In 2007, soybean accounted for 56 percent of the world’s oilseed production. James Specht, Professor at the University of Nebraska, said that this nitrogen-fixing legume crop offers the dual benefit of a seed high in protein and oil—with room for improvement. “With the advent of low-cost re-sequencing technologies, soybean scientists now have the means to identify sequence differences responsible for yield potential–the most desired of all crop traits, but to date the most intractable.”
“The soybean genome sequence will be a valuable resource for the basic researcher and soybean breeder alike,” said Jim Collins, Assistant Director for the Biology Directorate at the NSF. Collins and Judith St. John of USDA Agricultural Research Service co-chair the Interagency Working Group on Plant Genomes, which oversees the National Plant Genome Initiative. “The close coordination between the DOE sequencing project and the NSF SoyMap project facilitated through the National Plant Genome Initiative has added value to the sequence and physical map resources for this important crop,” Collins said.
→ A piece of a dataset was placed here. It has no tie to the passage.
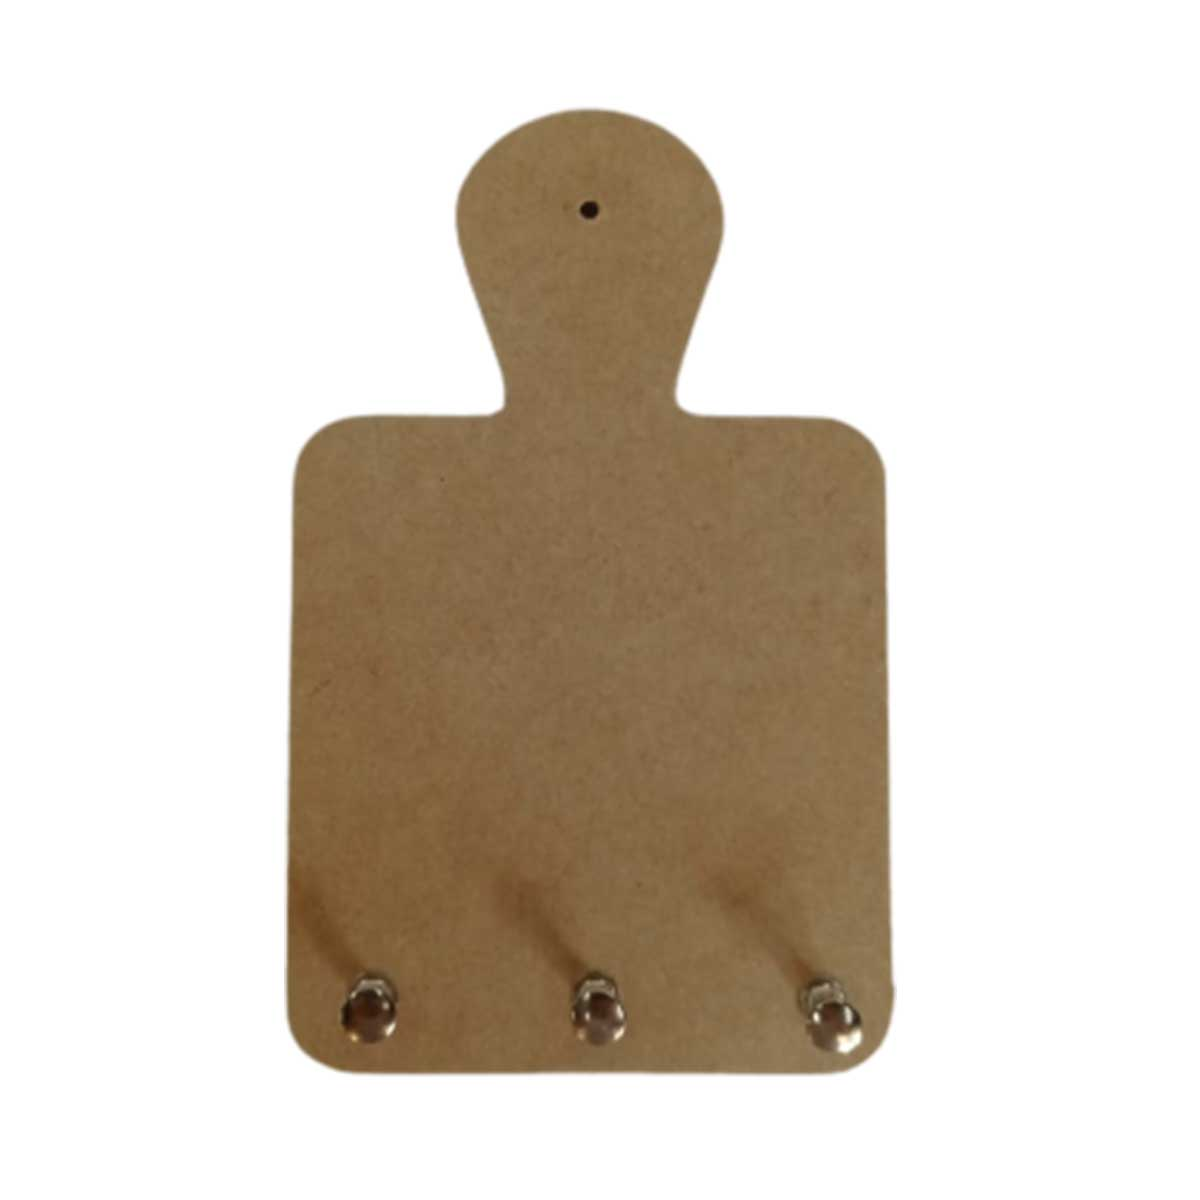 Porta Chaves em MDF - Tábua de Carne 11,5x18,5x3cm

The soybean genome project is already making its mark out in the field.
“It’s tremendous that the soybean genome is out in the public’s hands.” Said Rick Stern, a New Jersey soybean farmer and chair of the Production Research program for the United Soybean Board (USB). “Now every breeder can go into this valuable library for the information that will help speed up the breeding process. It should cut traditional breeding time by half from the typical 15 years.”
The U.S. Department of Energy Joint Genome Institute, supported by the DOE Office of Science, unites the expertise of five national laboratories — Lawrence Berkeley, Lawrence Livermore, Los Alamos, Oak Ridge, and Pacific Northwest — along with the HudsonAlpha Institute for Biotechnology — to advance genomics in support of the DOE missions related to clean energy generation and environmental characterization and cleanup. DOE JGI’s Walnut Creek, CA, Production Genomics Facility provides integrated high-throughput sequencing and computational analysis that enable systems-based scientific approaches to these challenges.